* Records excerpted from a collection
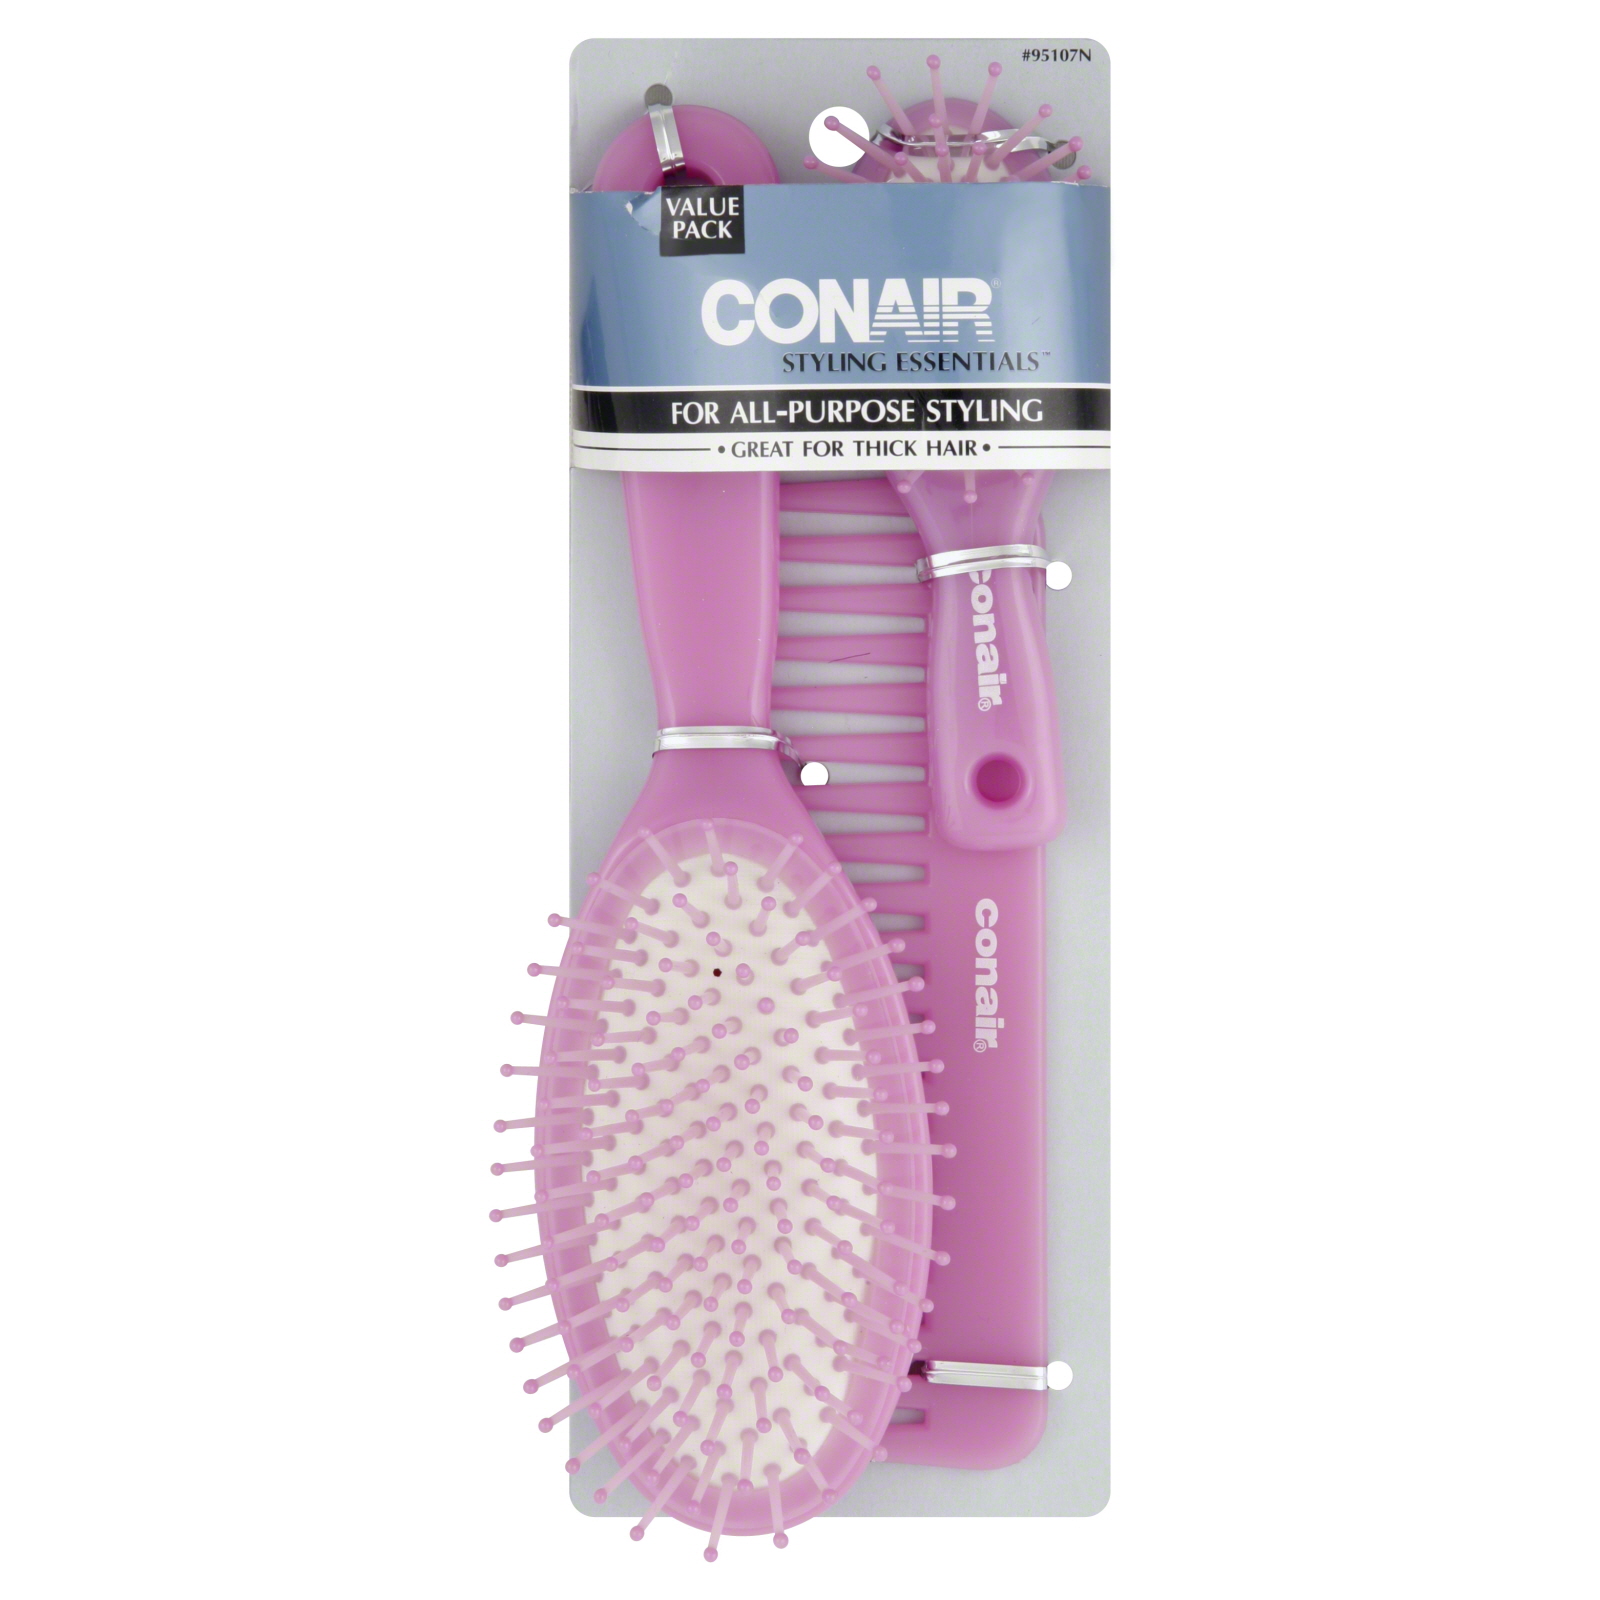 Conair Styling Essentials Brush and Comb Set, 1 set
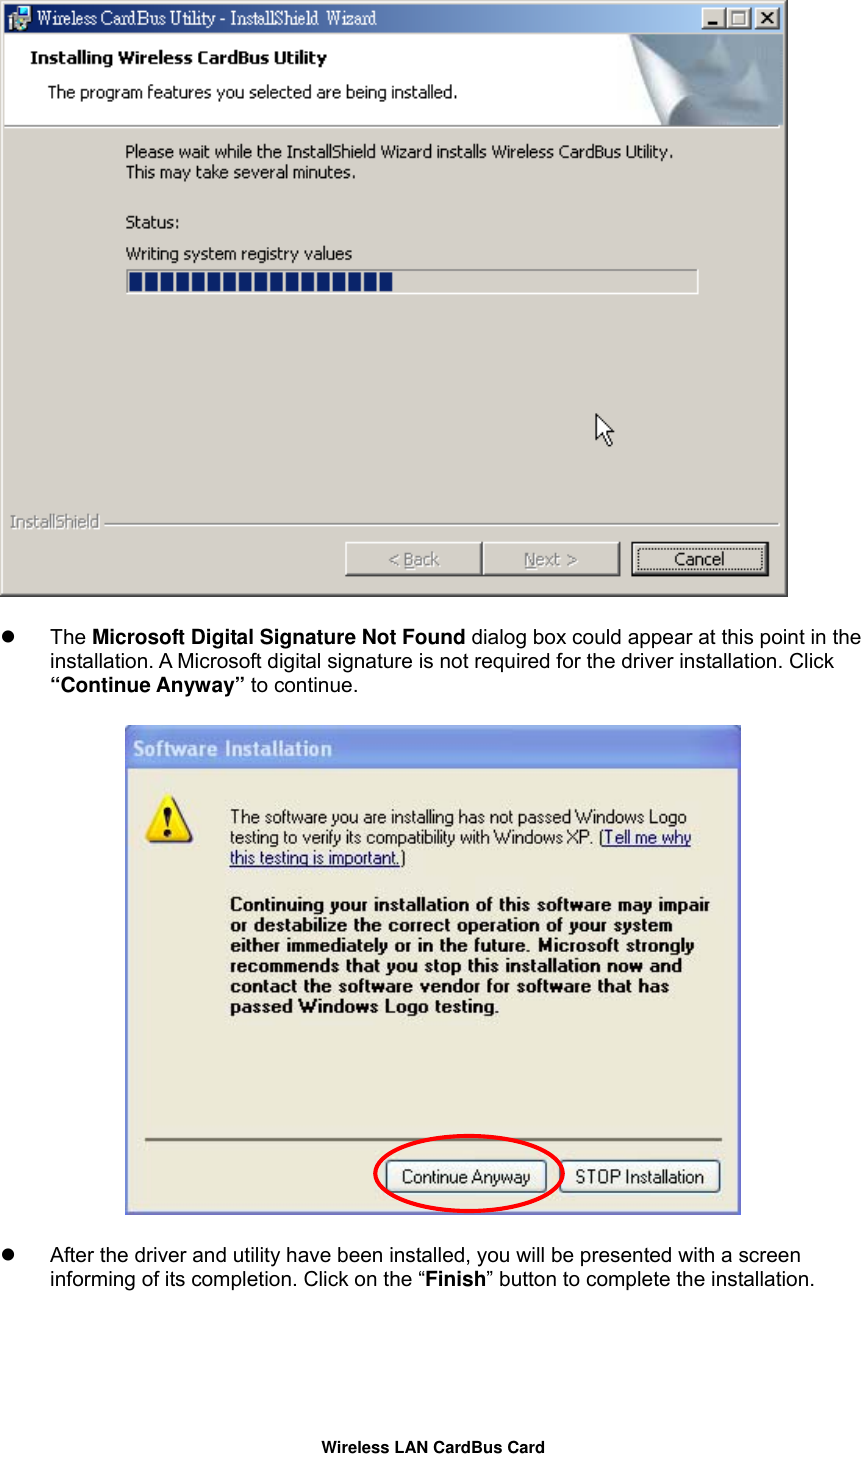     The Microsoft Digital Signature Not Found dialog box could appear at this point in the installation. A Microsoft digital signature is not required for the driver installation. Click “Continue Anyway” to continue.        After the driver and utility have been installed, you will be presented with a screen informing of its completion. Click on the “Finish” button to complete the installation. Wireless LAN CardBus Card 
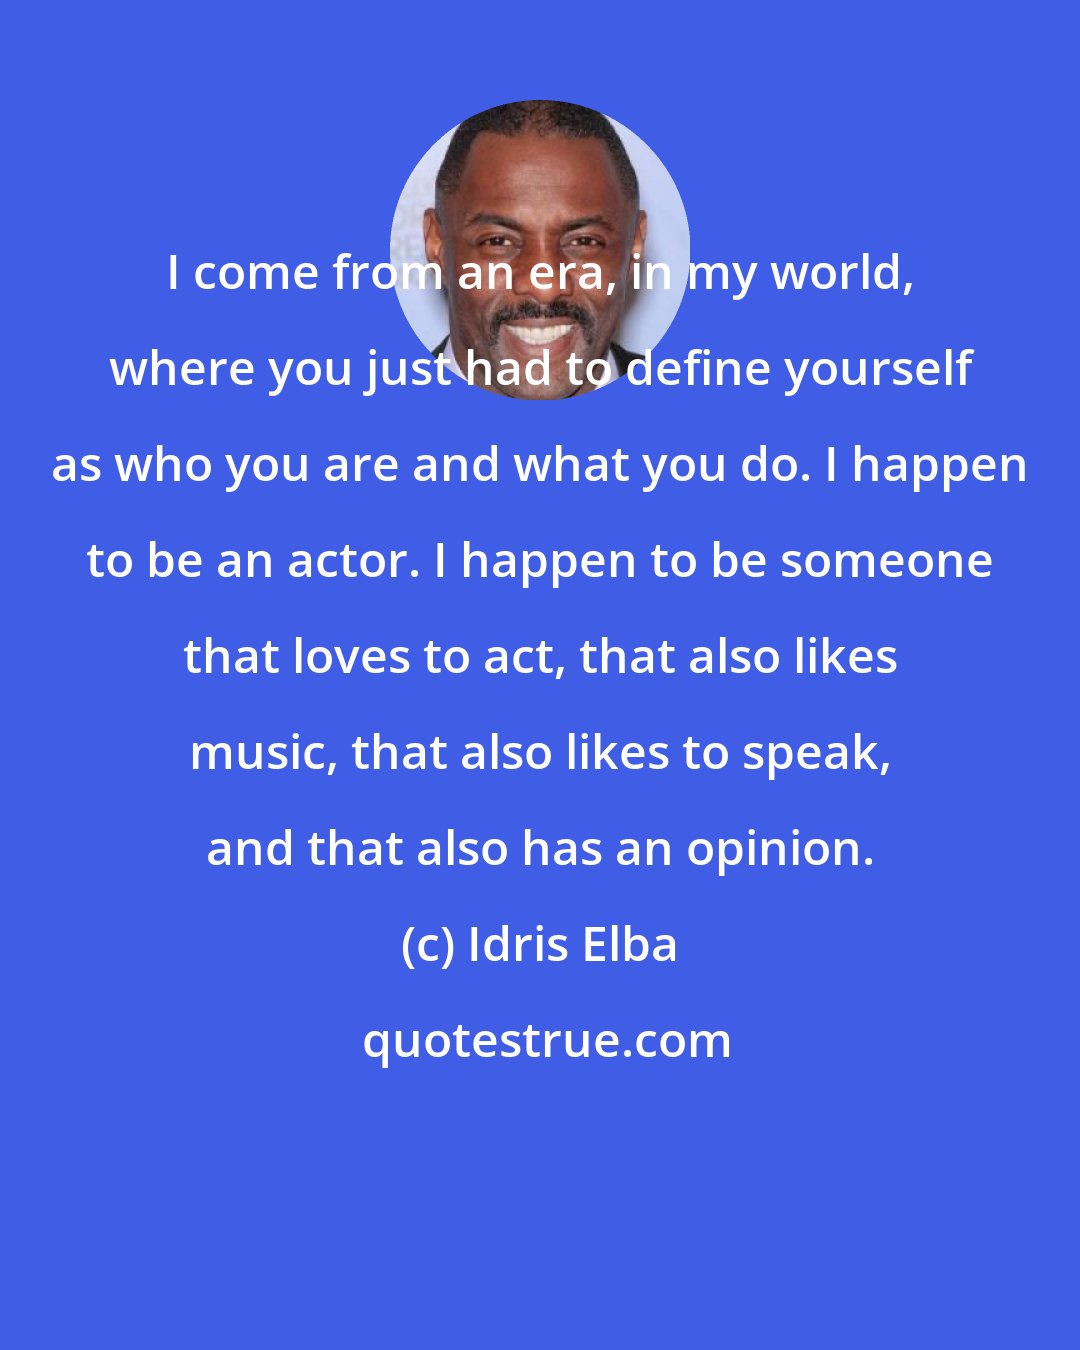 Idris Elba: I come from an era, in my world, where you just had to define yourself as who you are and what you do. I happen to be an actor. I happen to be someone that loves to act, that also likes music, that also likes to speak, and that also has an opinion.
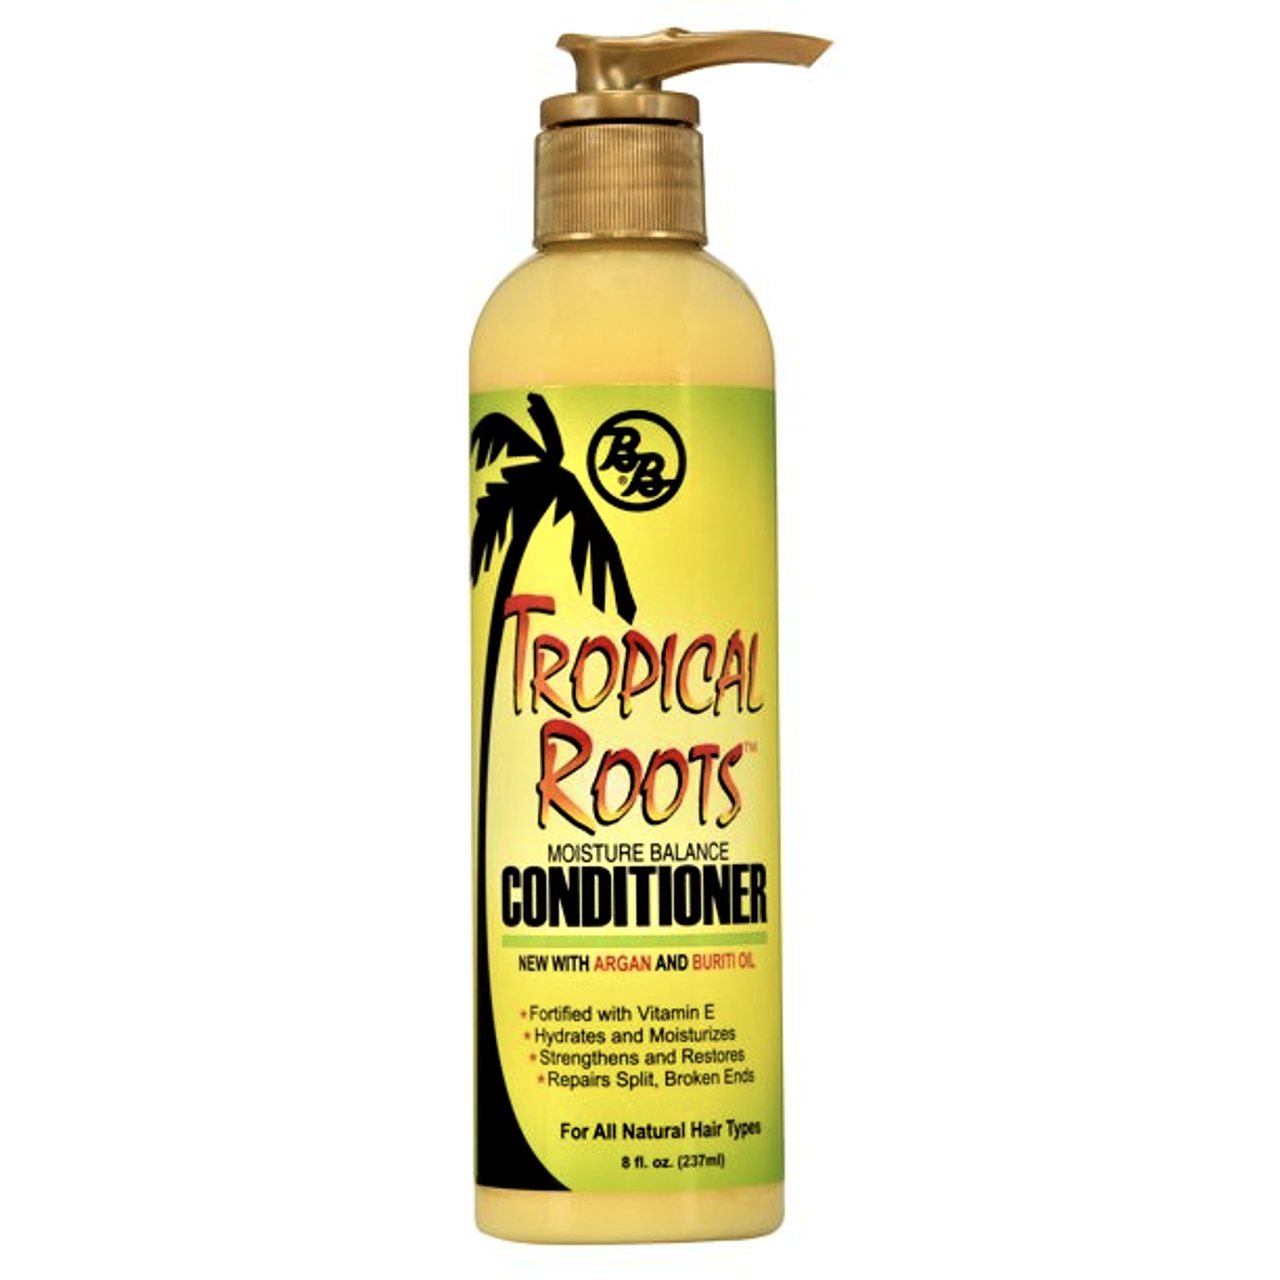 Tropical Roots Moisture Balance Conditioner
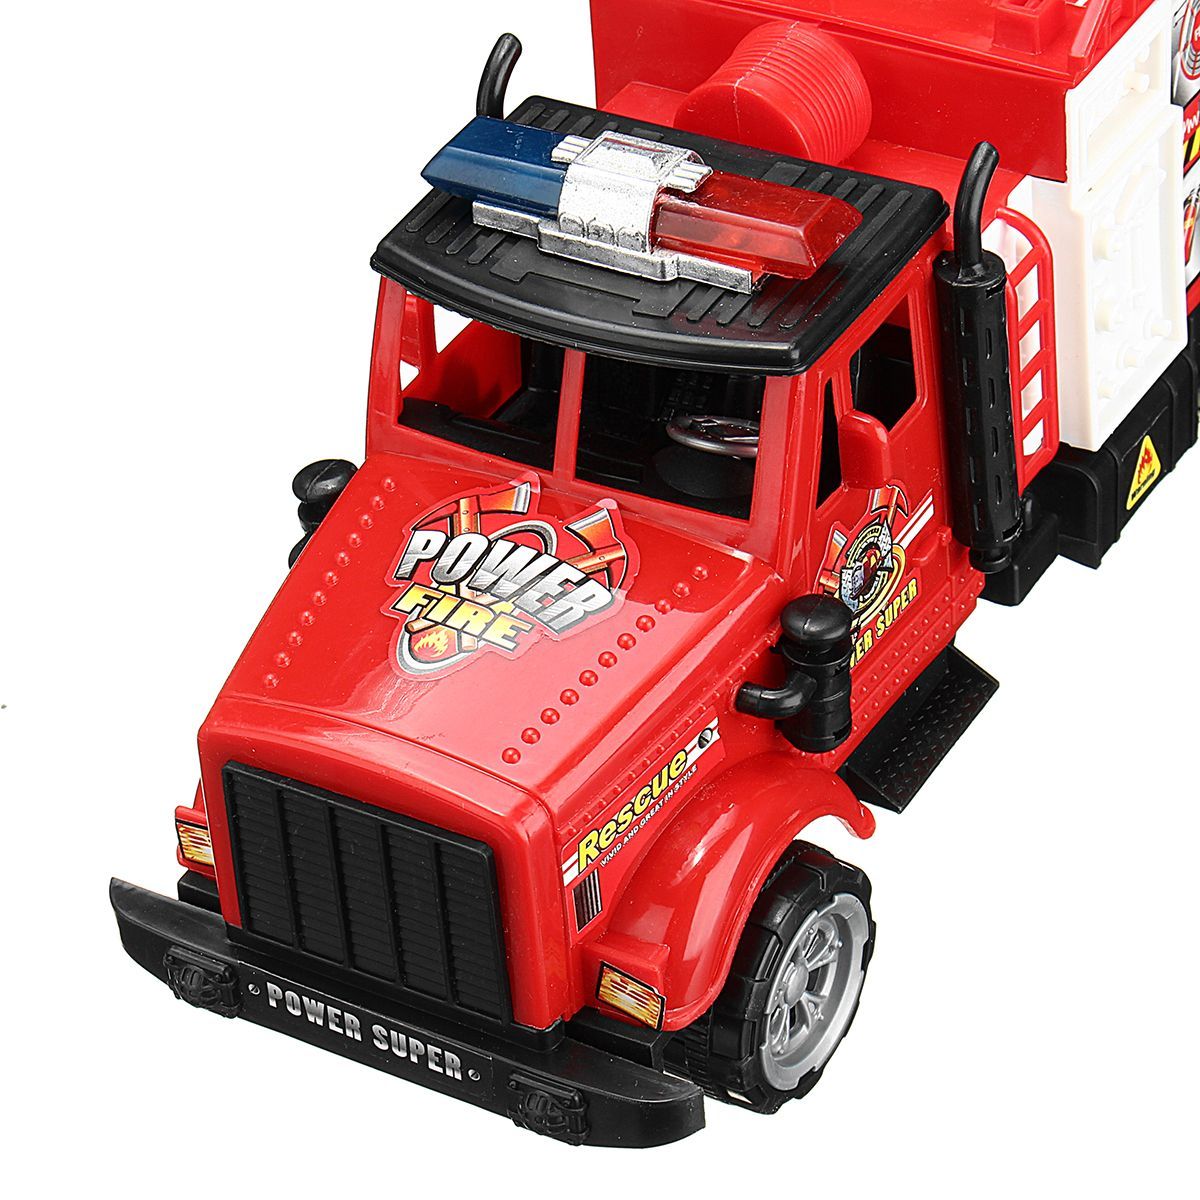 Baby-Kids-Fire-Tanker-Truck-Construction-Agitating-Lorry-Vehicle-Cars-Model-Toys-for-Kids-Children-T-1545745

* Directions
An exact transcription of the records above is needed, with no pictures included.

* Solution to this exercise
 Conair Styling Essentials Brush and Comb Set, 1 set
     The Microsoft Digital Signature Not Found dialog box could appear at this point in the installation. A Microsoft digital signature is not required for the driver installation. Click “Continue Anyway” to continue.        After the driver and utility have been installed, you will be presented with a screen informing of its completion. Click on the “Finish” button to complete the installation. Wireless LAN CardBus Card 
 Idris Elba: I come from an era, in my world, where you just had to define yourself as who you are and what you do. I happen to be an actor. I happen to be someone that loves to act, that also likes music, that also likes to speak, and that also has an opinion.
 Tropical Roots Moisture Balance Conditioner
 Baby-Kids-Fire-Tanker-Truck-Construction-Agitating-Lorry-Vehicle-Cars-Model-Toys-for-Kids-Children-T-1545745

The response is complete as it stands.